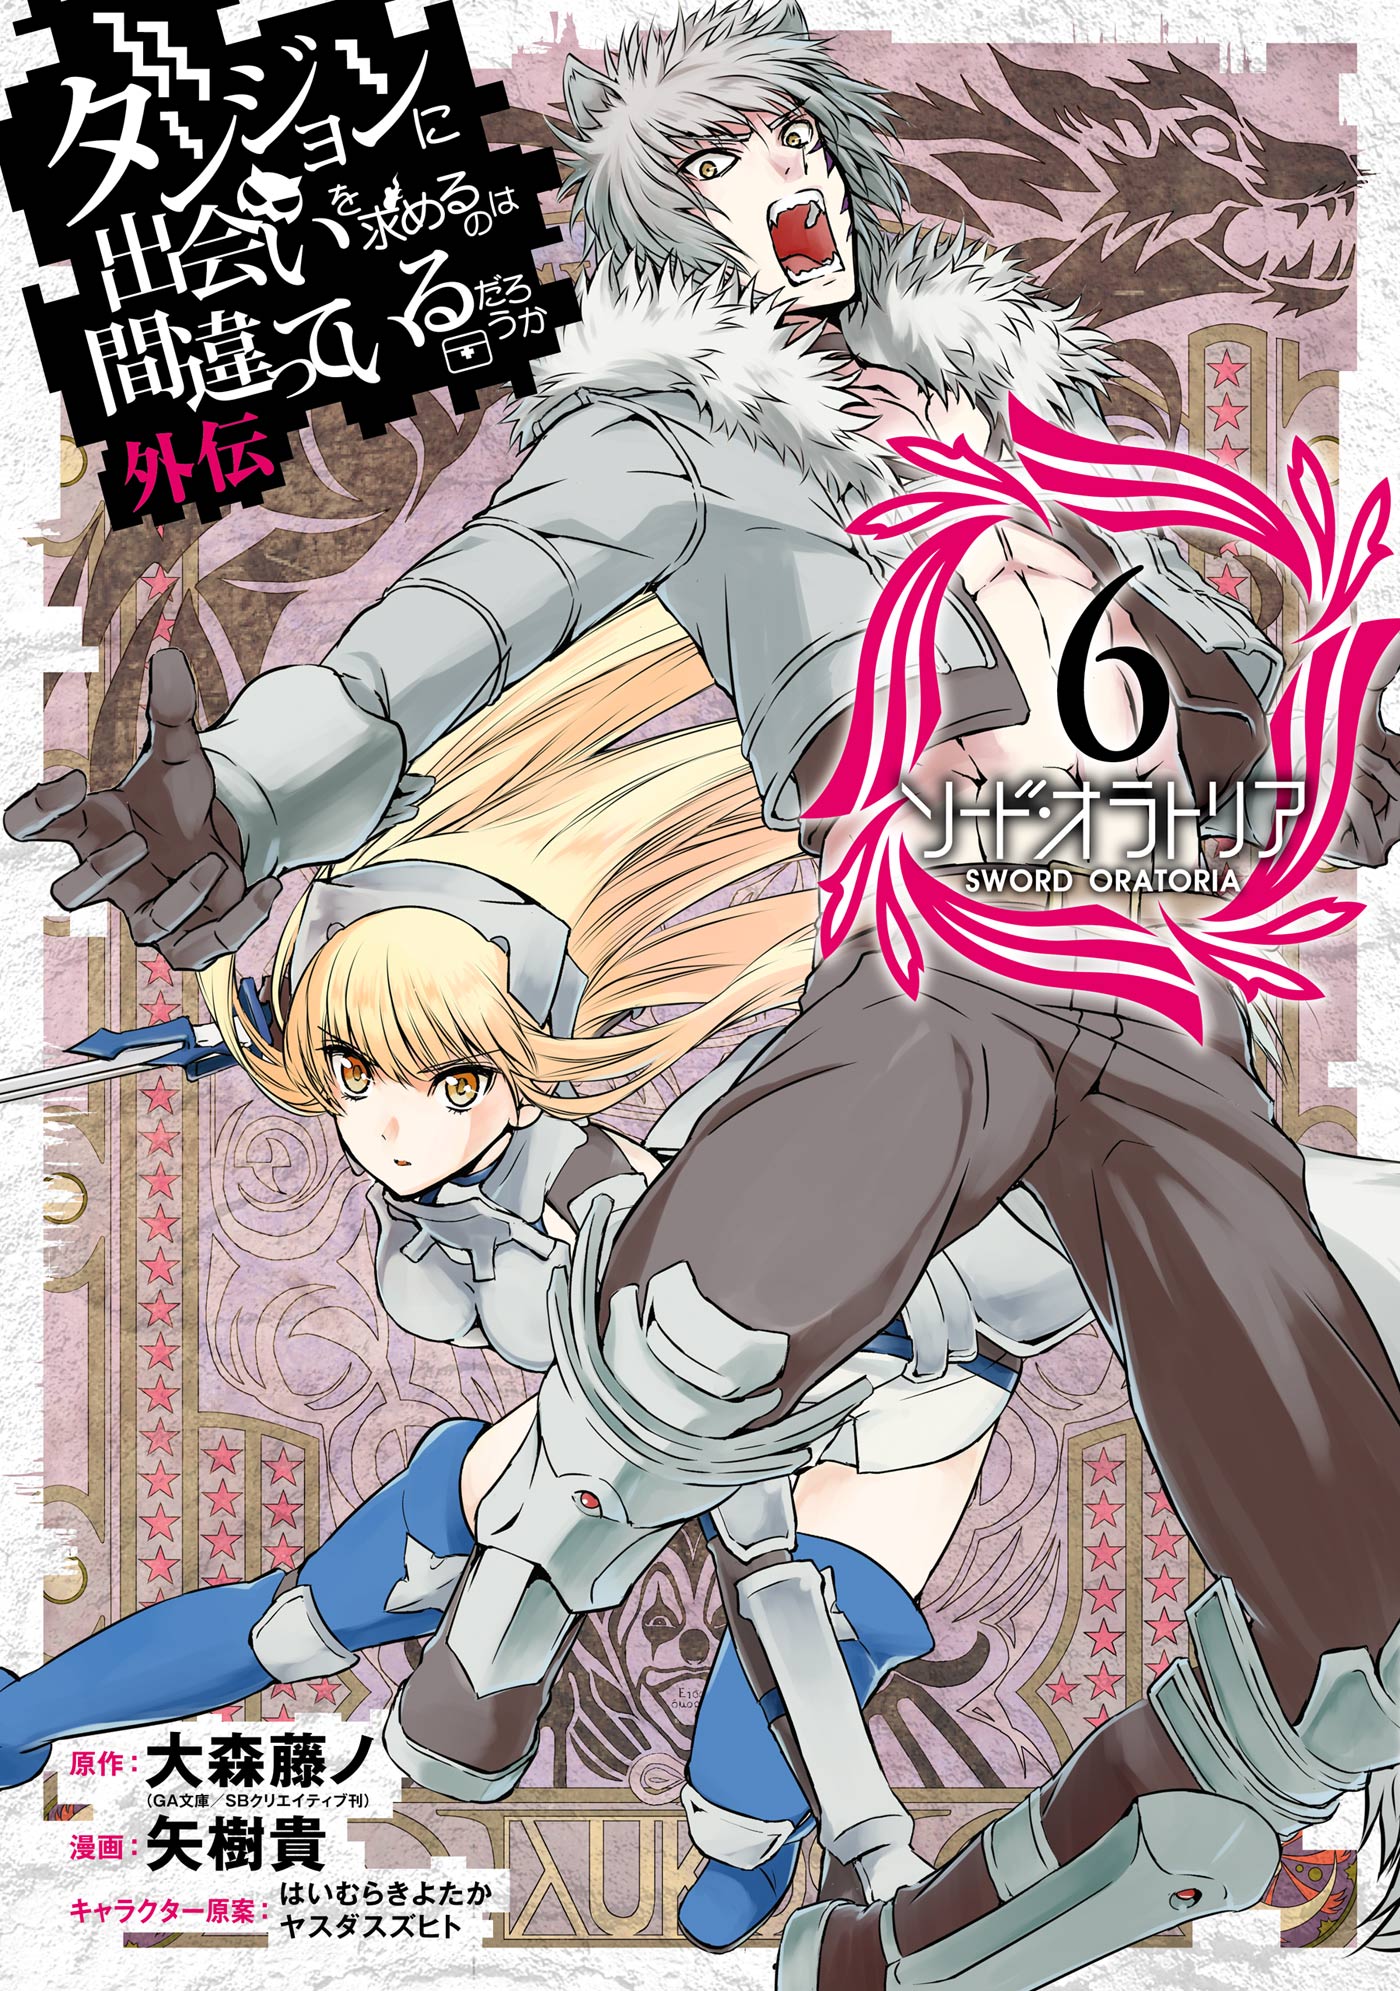 sword-oratoria-manga-volume-6-danmachi-wiki-fandom-powered-by-wikia
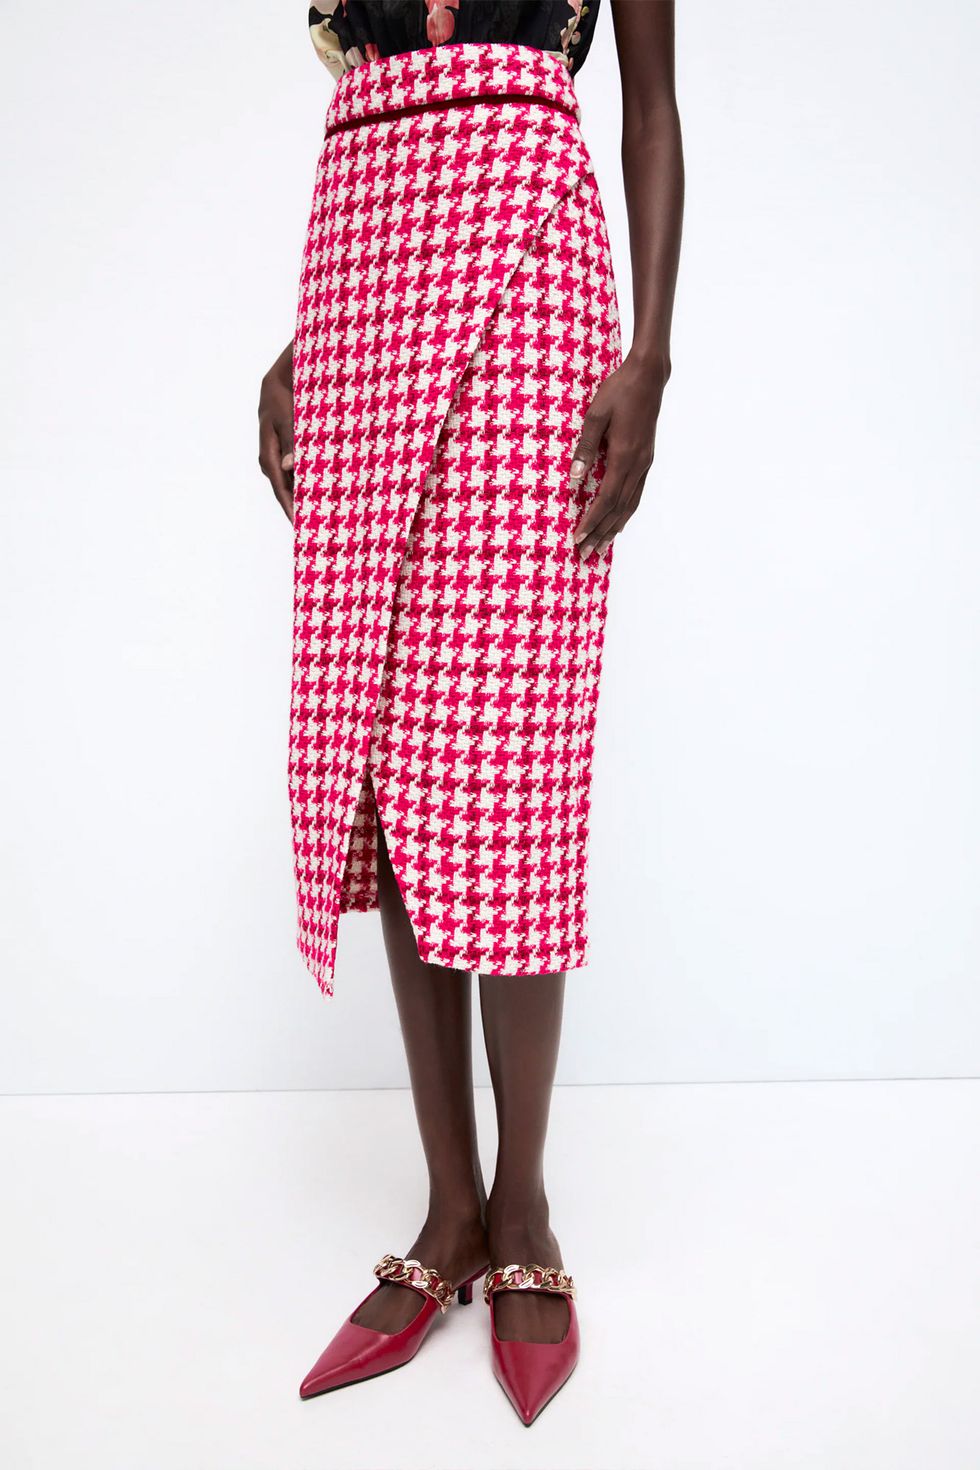 Este dos piezas de sobrecamisa y falda de tweed Zara es ideal
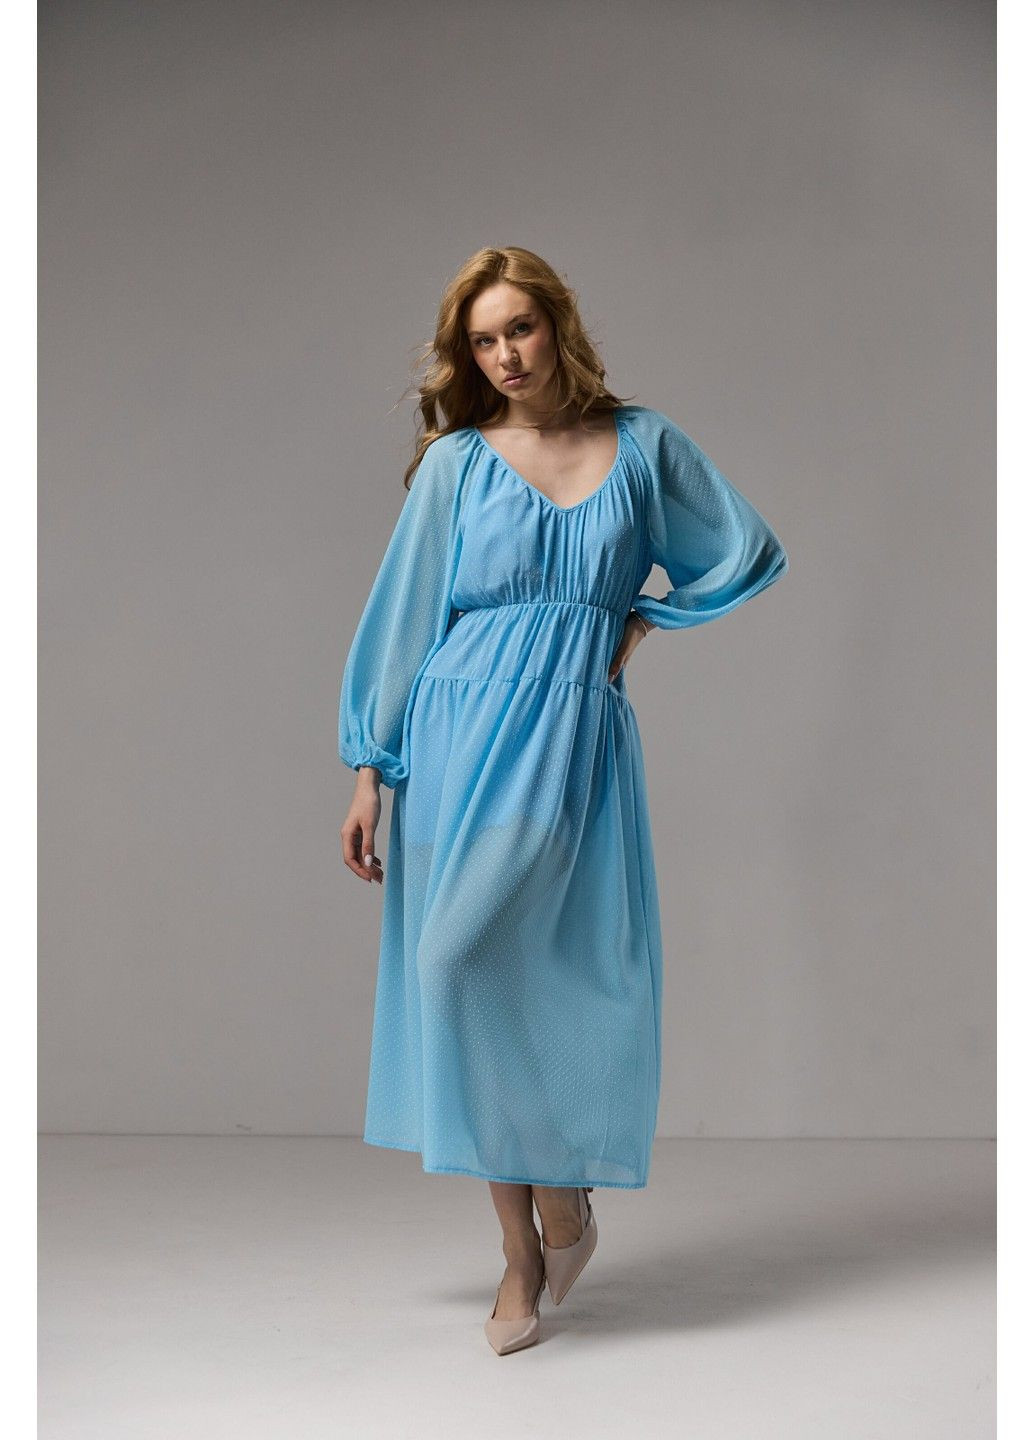 Голубое платье меди из нежного шифона голубое Bessa

#### Work task:
Without including any image, reproduce the full listing above as written.

#### Expected answer:
 sword-oratoria-manga-volume-6-danmachi-wiki-fandom-powered-by-wikia
 Este dos piezas de sobrecamisa y falda de tweed Zara es ideal
 Голубое платье меди из нежного шифона голубое Bessa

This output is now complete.